*** Input records

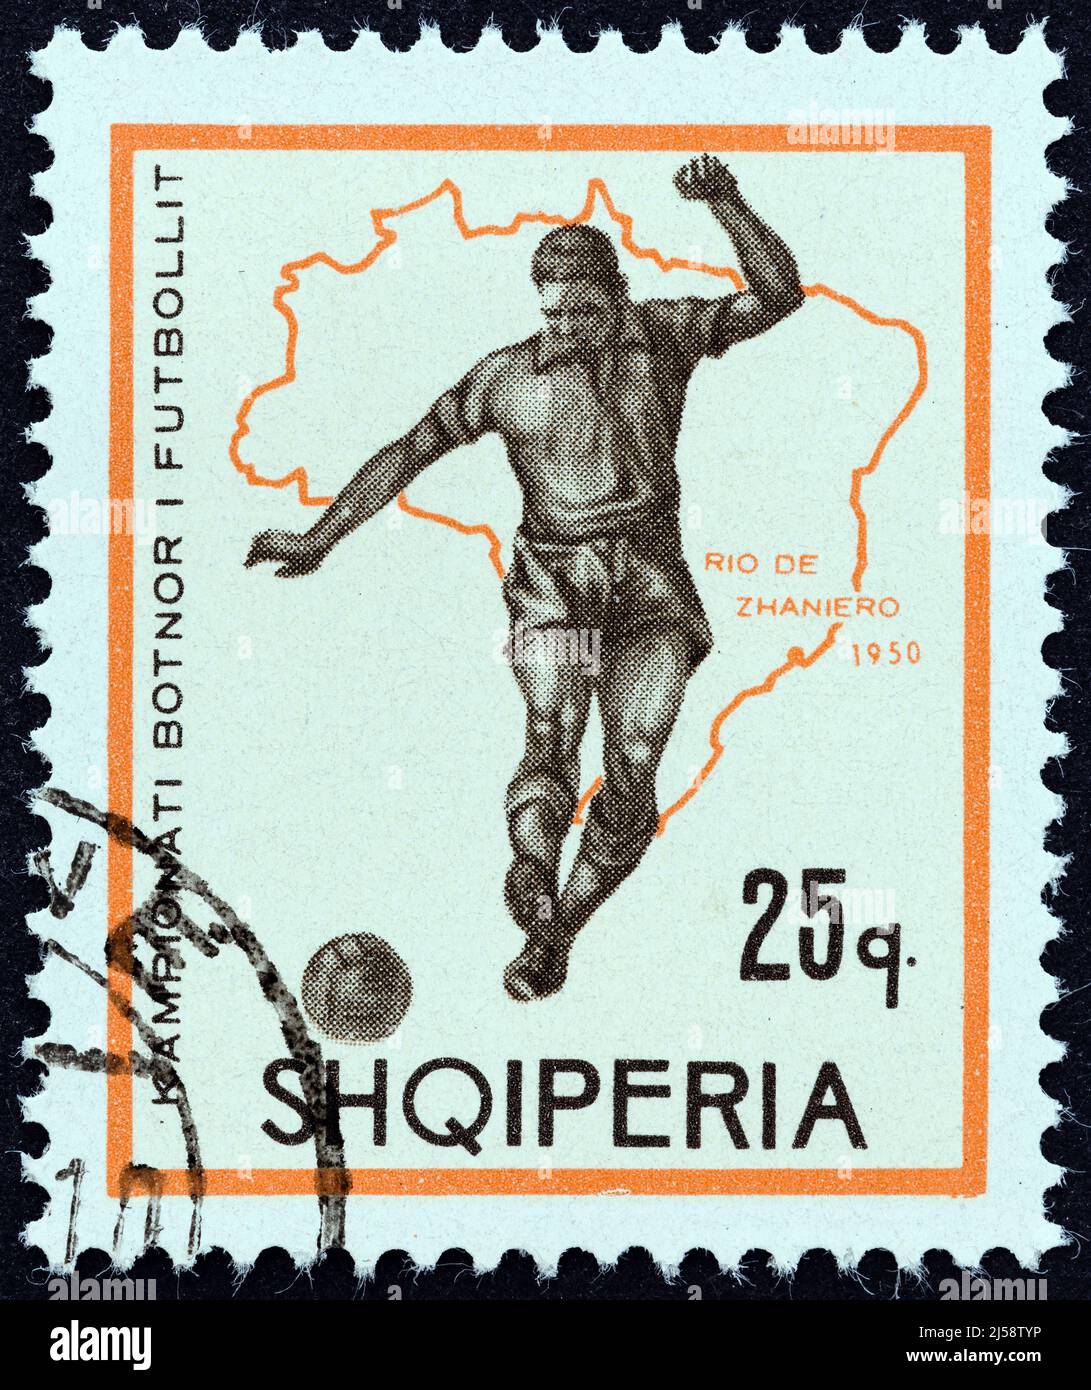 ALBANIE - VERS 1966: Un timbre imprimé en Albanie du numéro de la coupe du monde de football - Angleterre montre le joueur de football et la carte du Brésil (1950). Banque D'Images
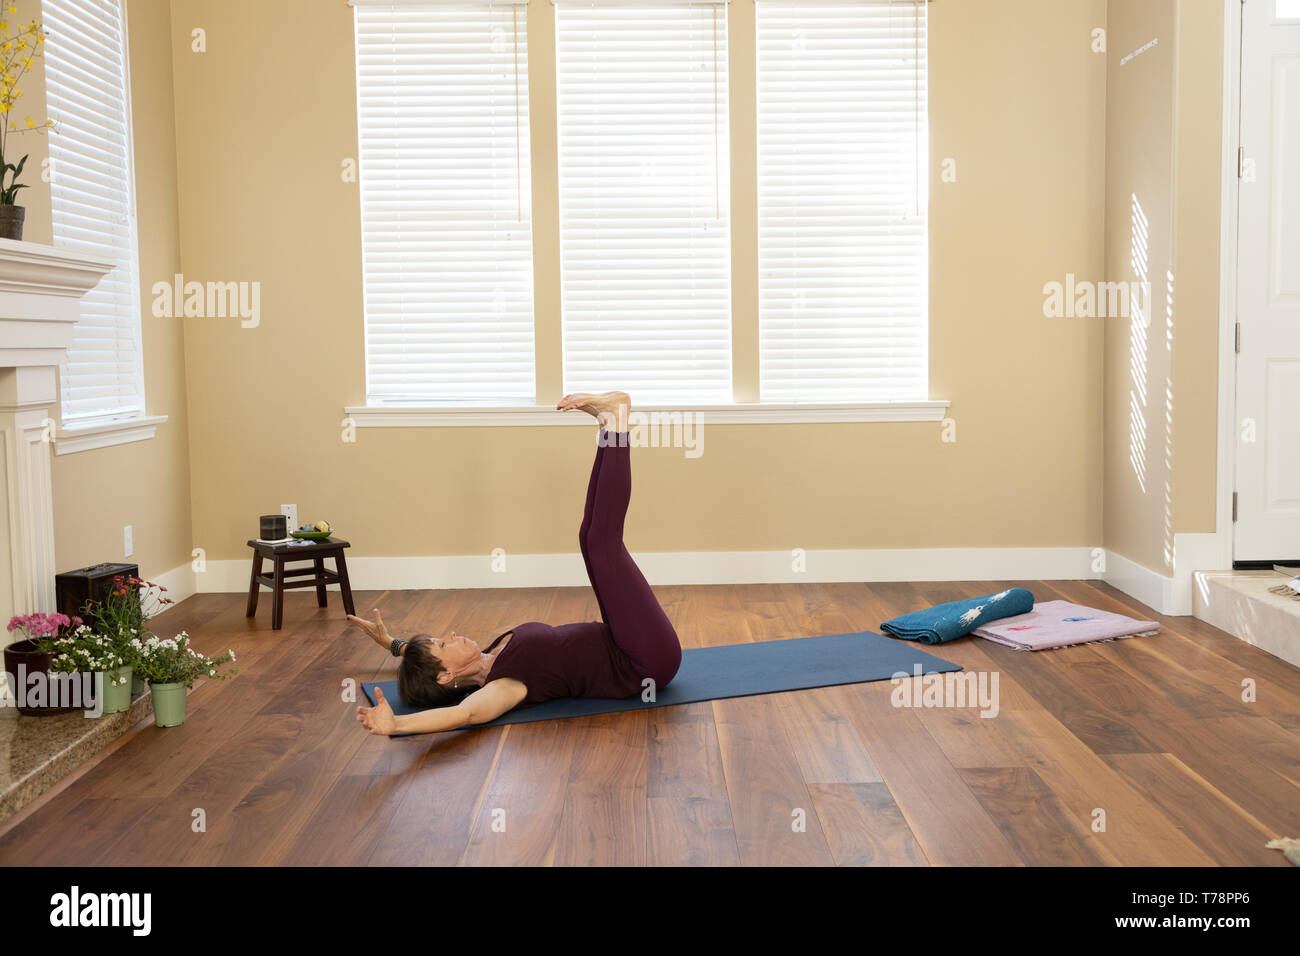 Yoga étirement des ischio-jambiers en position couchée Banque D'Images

******
*** Input records

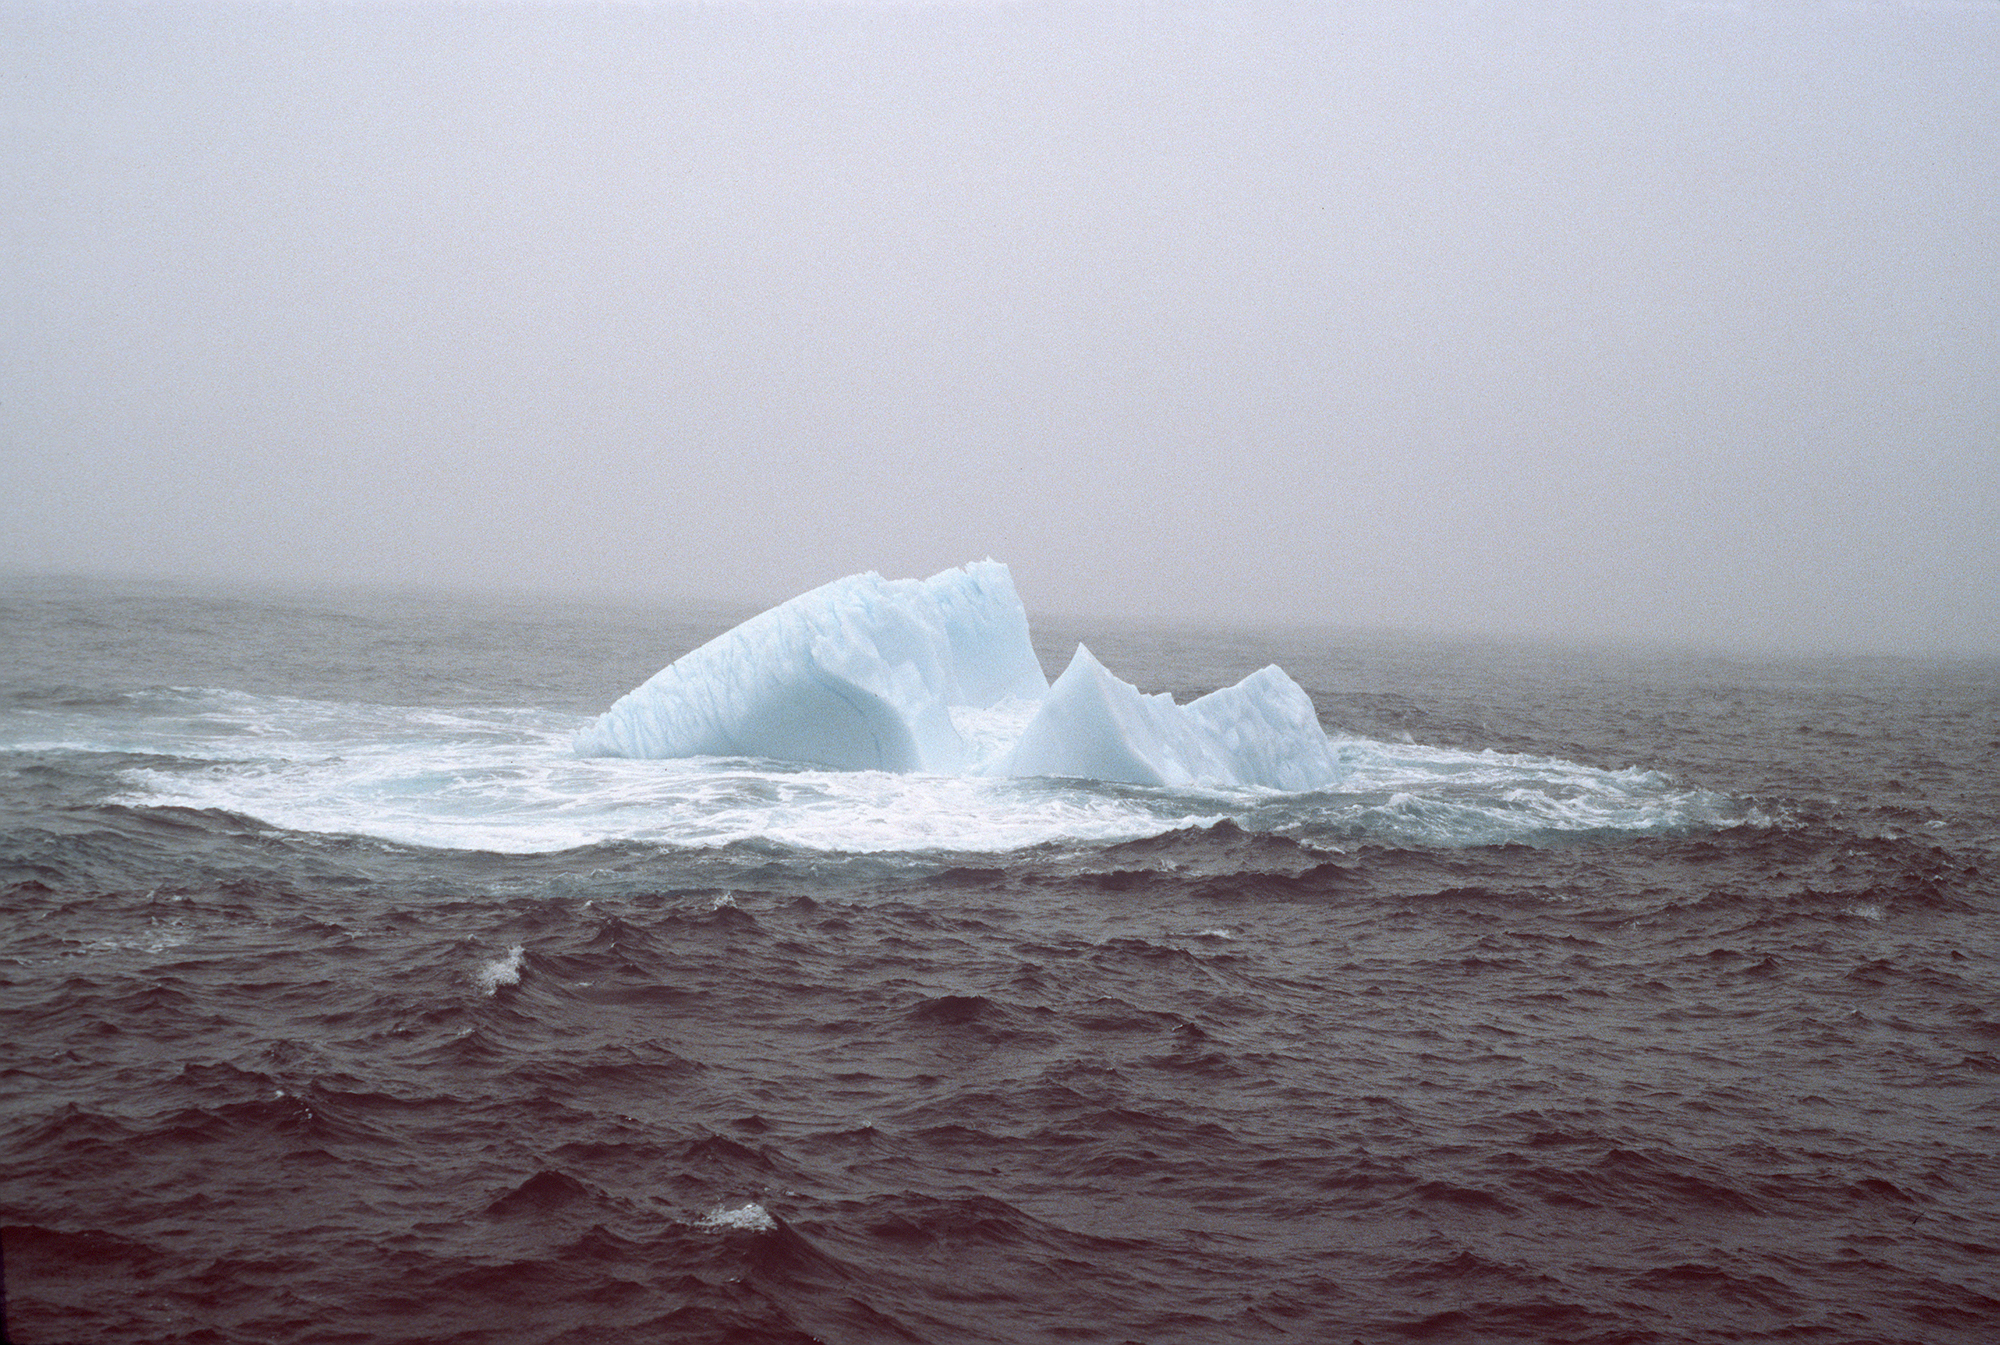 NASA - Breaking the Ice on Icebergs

******
*** Input records

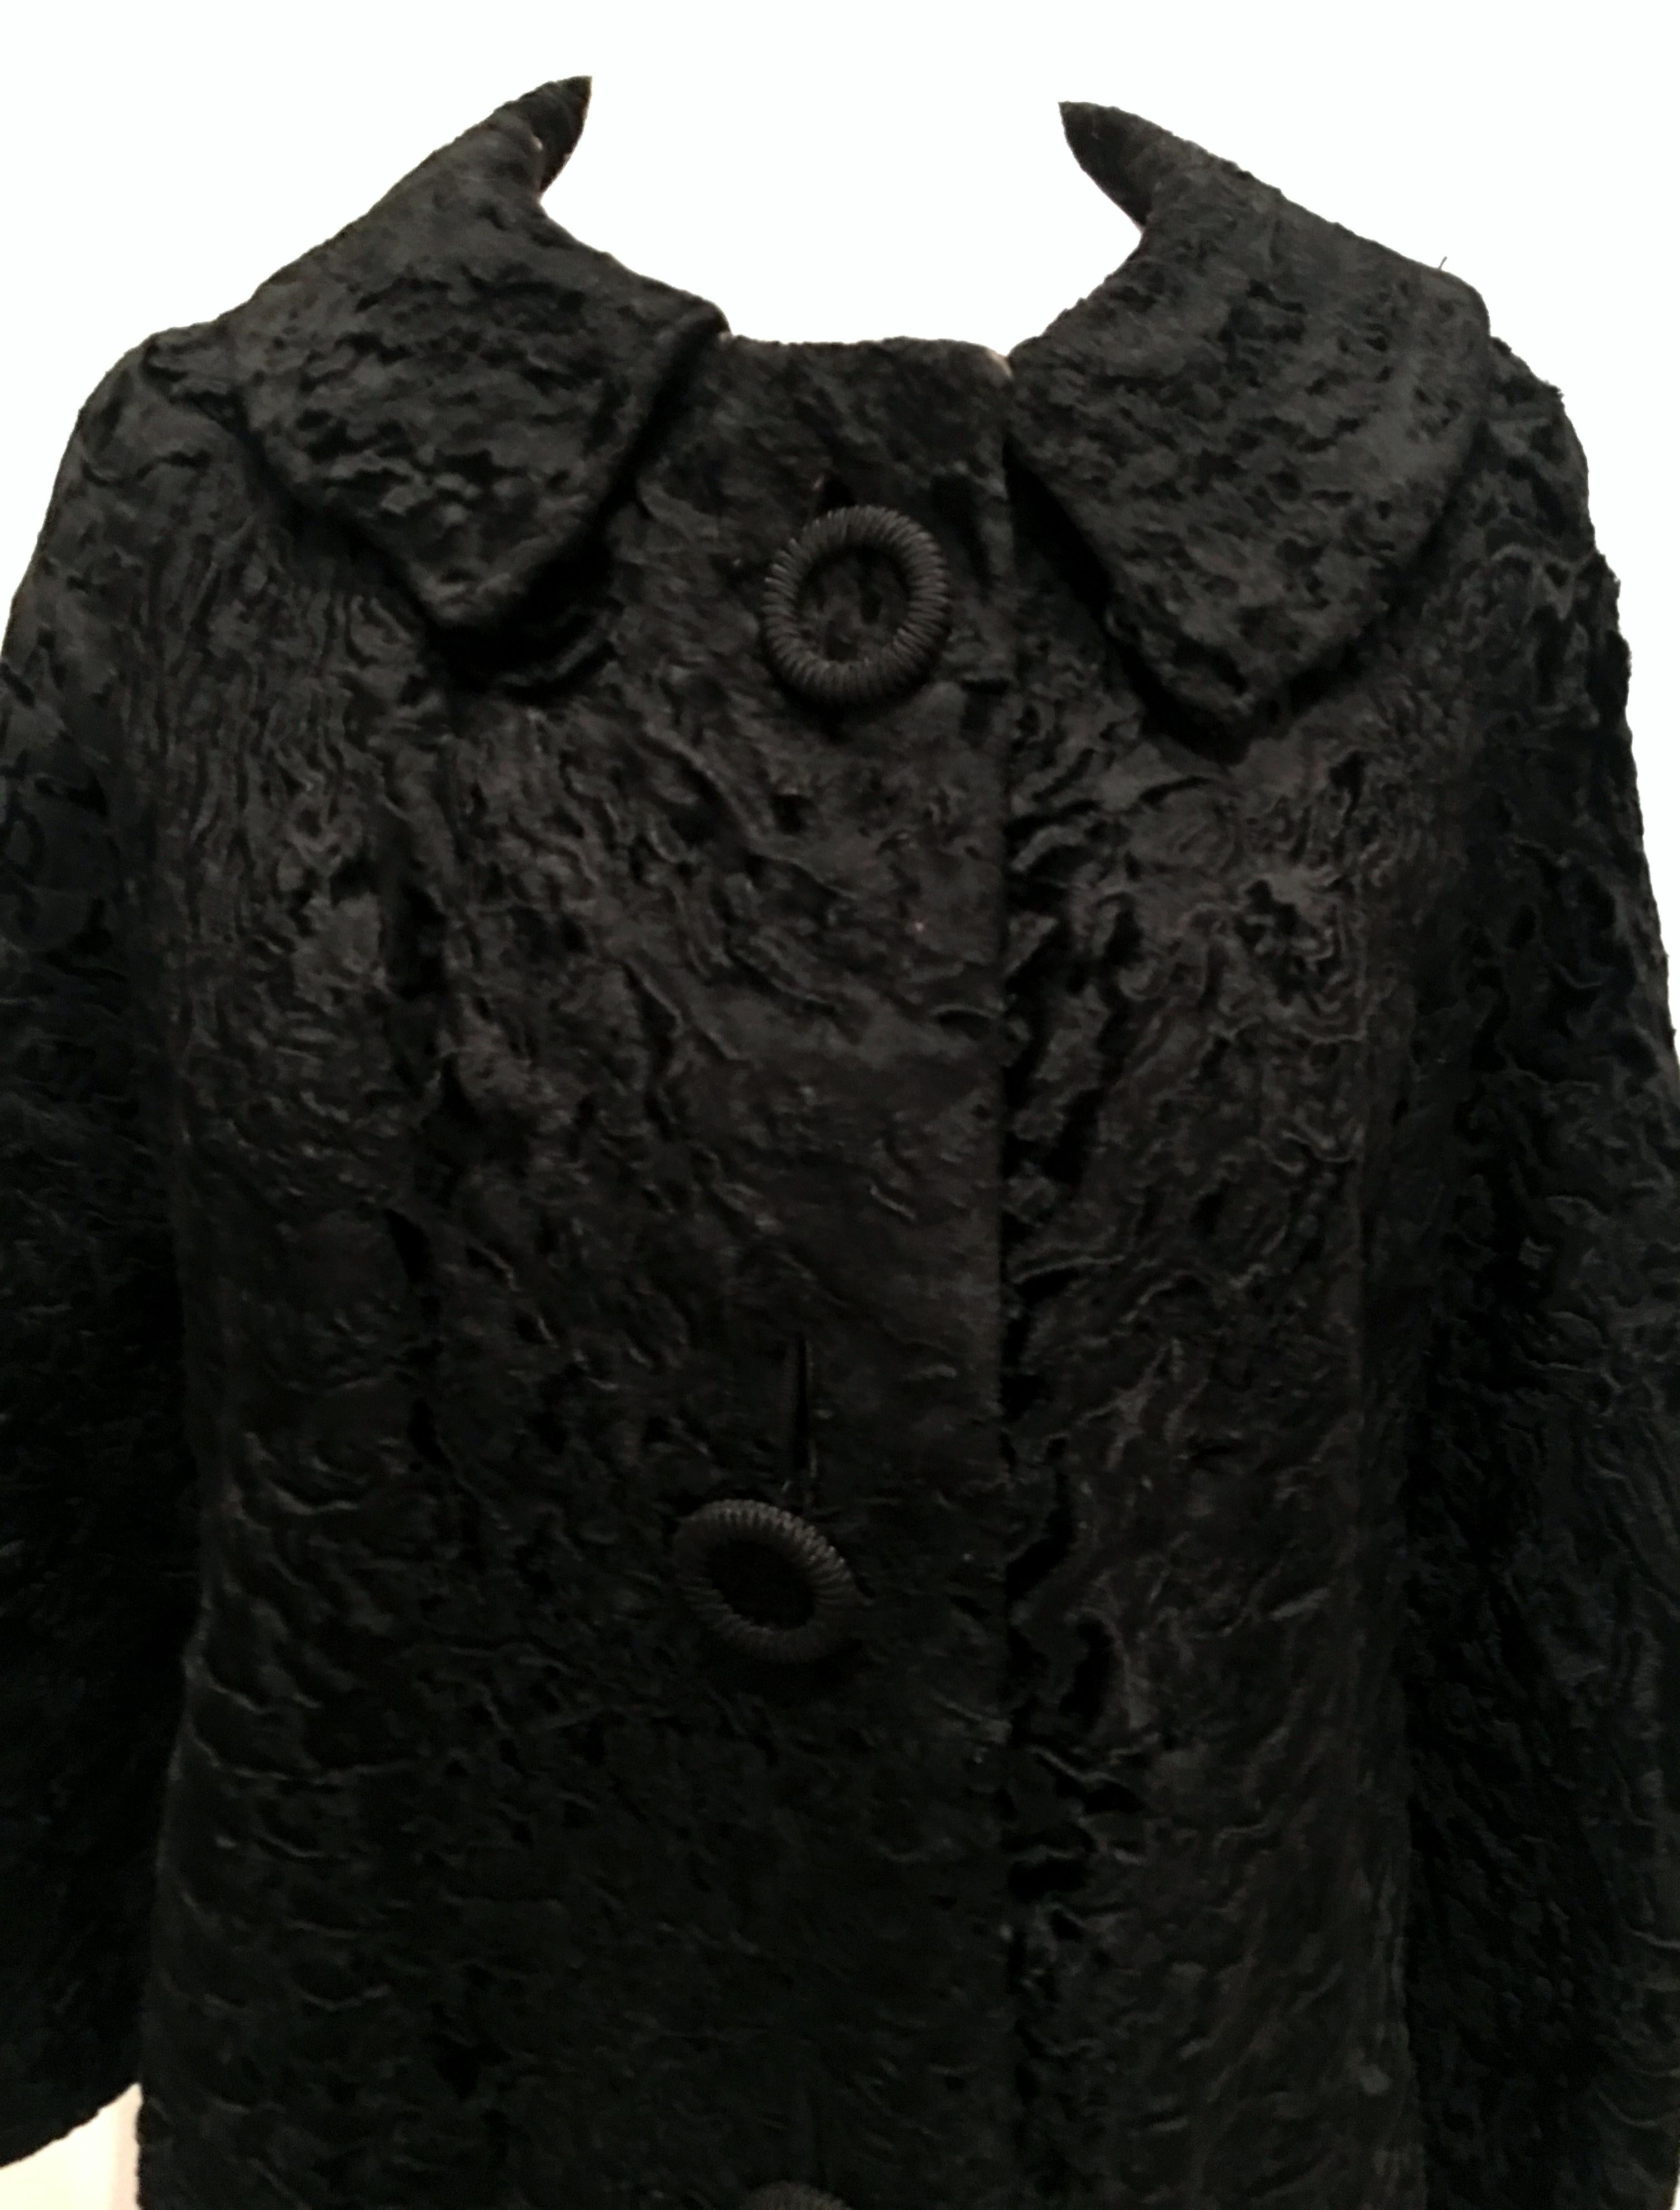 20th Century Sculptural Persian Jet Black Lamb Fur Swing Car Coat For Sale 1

******

→ Exercise description
From the records above, transcribe only the stretch from the line with "ALBANIE - VERS" through the line with "Yoga étirement des", keeping both ends. Omit pictures.

→ Your solution
 ALBANIE - VERS 1966: Un timbre imprimé en Albanie du numéro de la coupe du monde de football - Angleterre montre le joueur de football et la carte du Brésil (1950). Banque D'Images
 Yoga étirement des ischio-jambiers en position couchée Banque D'Images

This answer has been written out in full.